Prompt => A partial copy is required: transcribe exactly the lines from the one containing "In both views, there" through the last line below, without any pictures.

*** Opening Supplied material ***

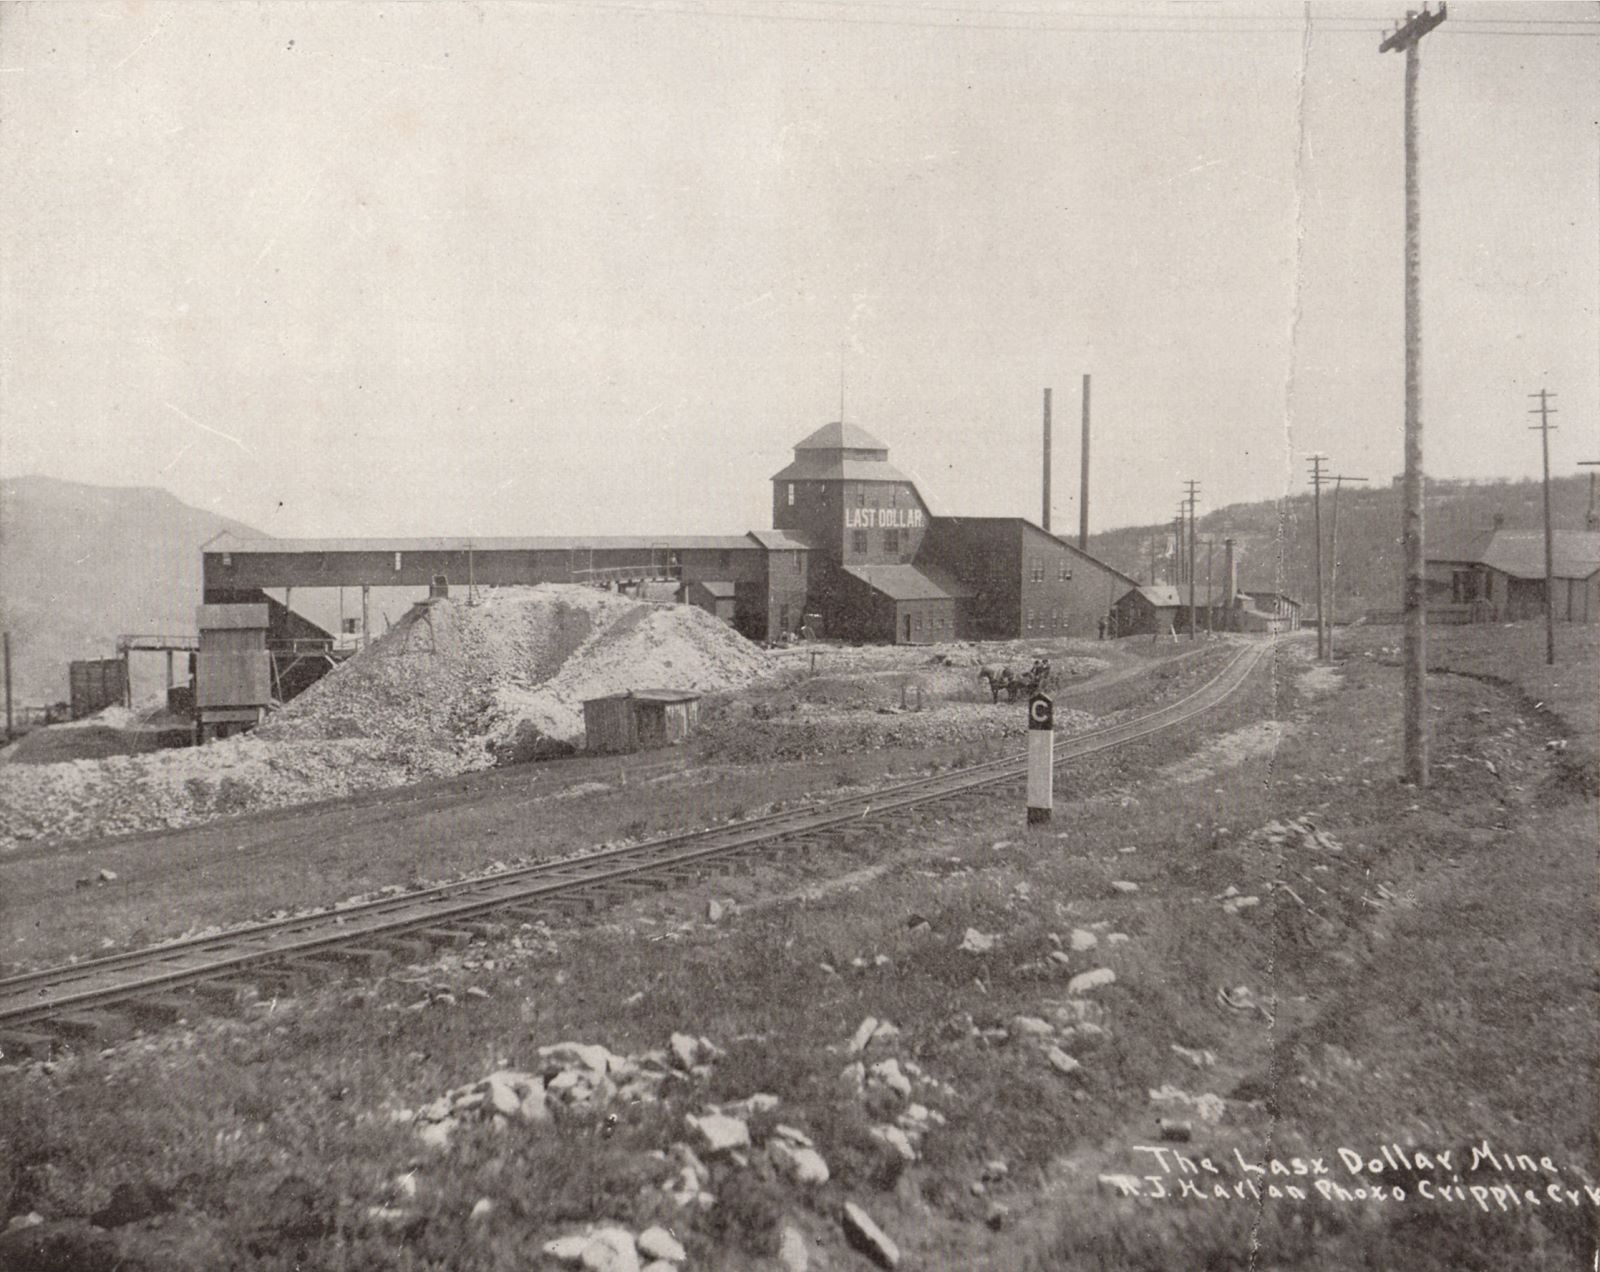 This view of the Last Dollar Mine is photographed same day and time as a more common seen view from nearly same location, where the photographer Harlan as moved closer to the Golden Circle trackage seen near lower left corner, to avoid that telegraph pole in the foreground near right-hand side.
In both views, there is a man dumping an ore-car about 1/4 in from left-hand side on this view, in front of the covered gangway from mine to the ore-house seen near left-hand side. The ore-house was connected to another Golden Circle spur, which also went on to other mines around the town of Independence, while the track in the foreground is the mainline going towards Victor mine high up on Bull Cliffs/Hills.
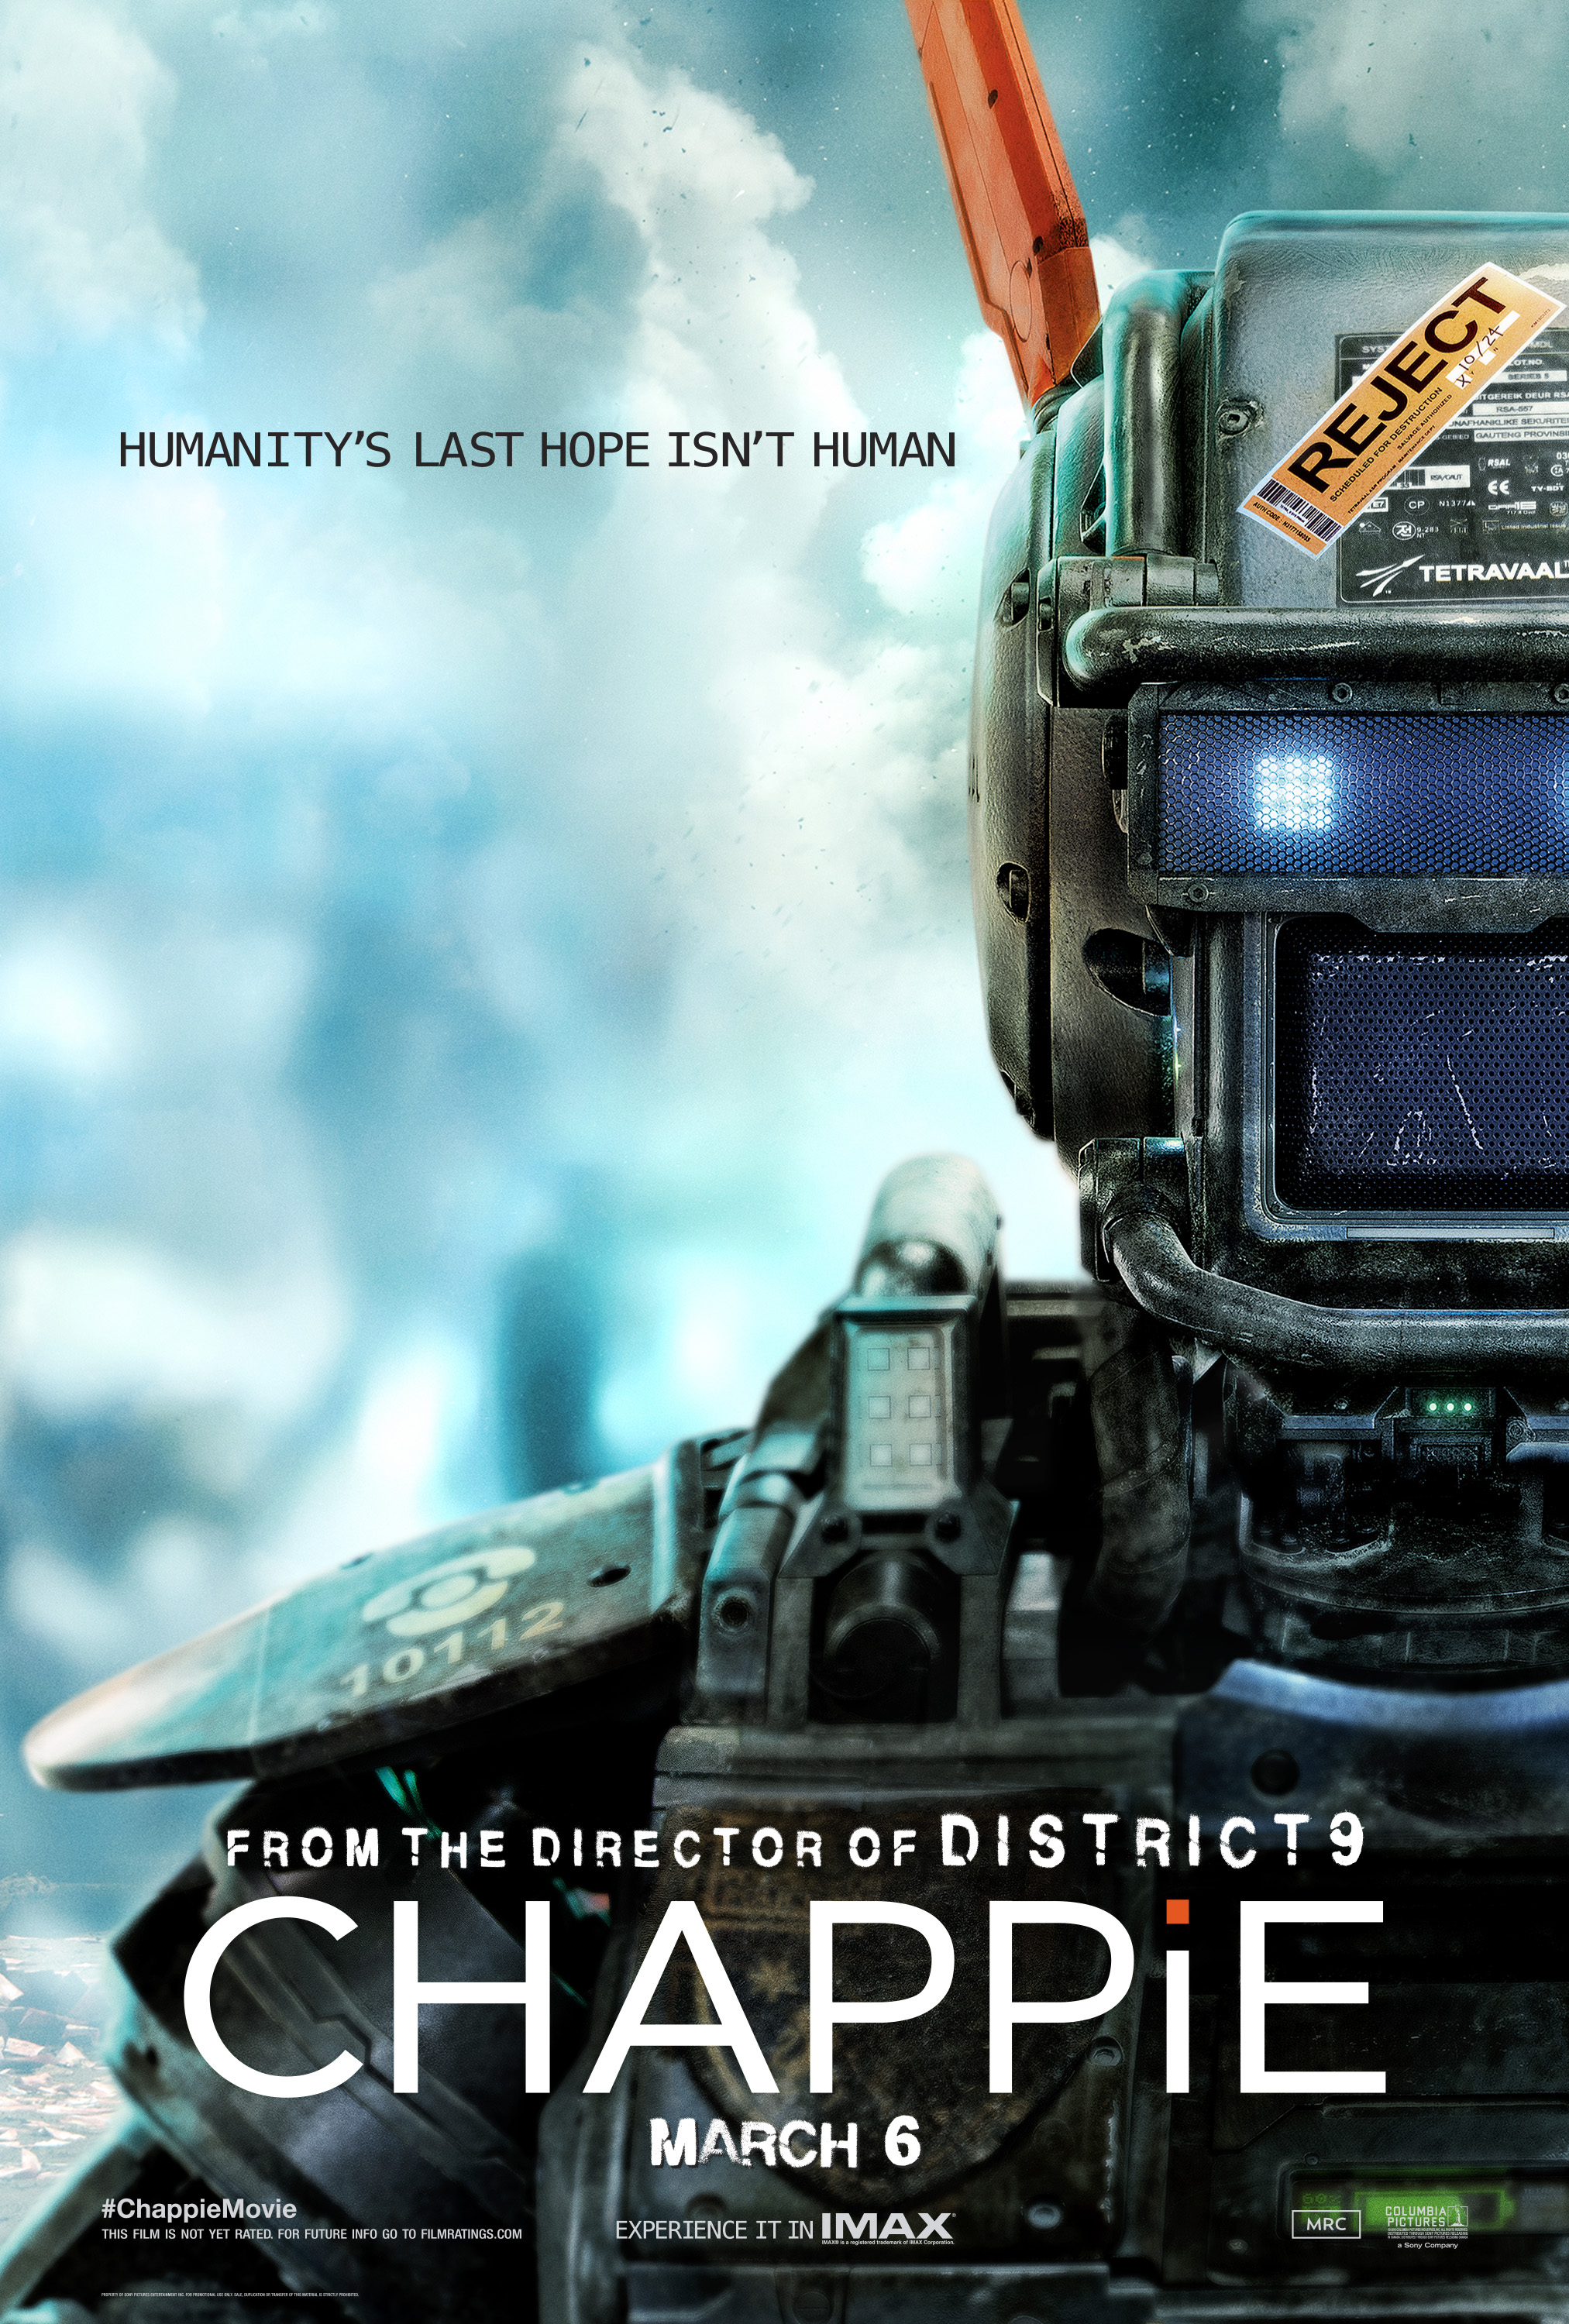 Columbia Pictures presents: Chappie Wednesday | March 4 7:30 pm  In the near future, a

*** Closing Supplied material ***

Response to this task =>
In both views, there is a man dumping an ore-car about 1/4 in from left-hand side on this view, in front of the covered gangway from mine to the ore-house seen near left-hand side. The ore-house was connected to another Golden Circle spur, which also went on to other mines around the town of Independence, while the track in the foreground is the mainline going towards Victor mine high up on Bull Cliffs/Hills.
 Columbia Pictures presents: Chappie Wednesday | March 4 7:30 pm  In the near future, a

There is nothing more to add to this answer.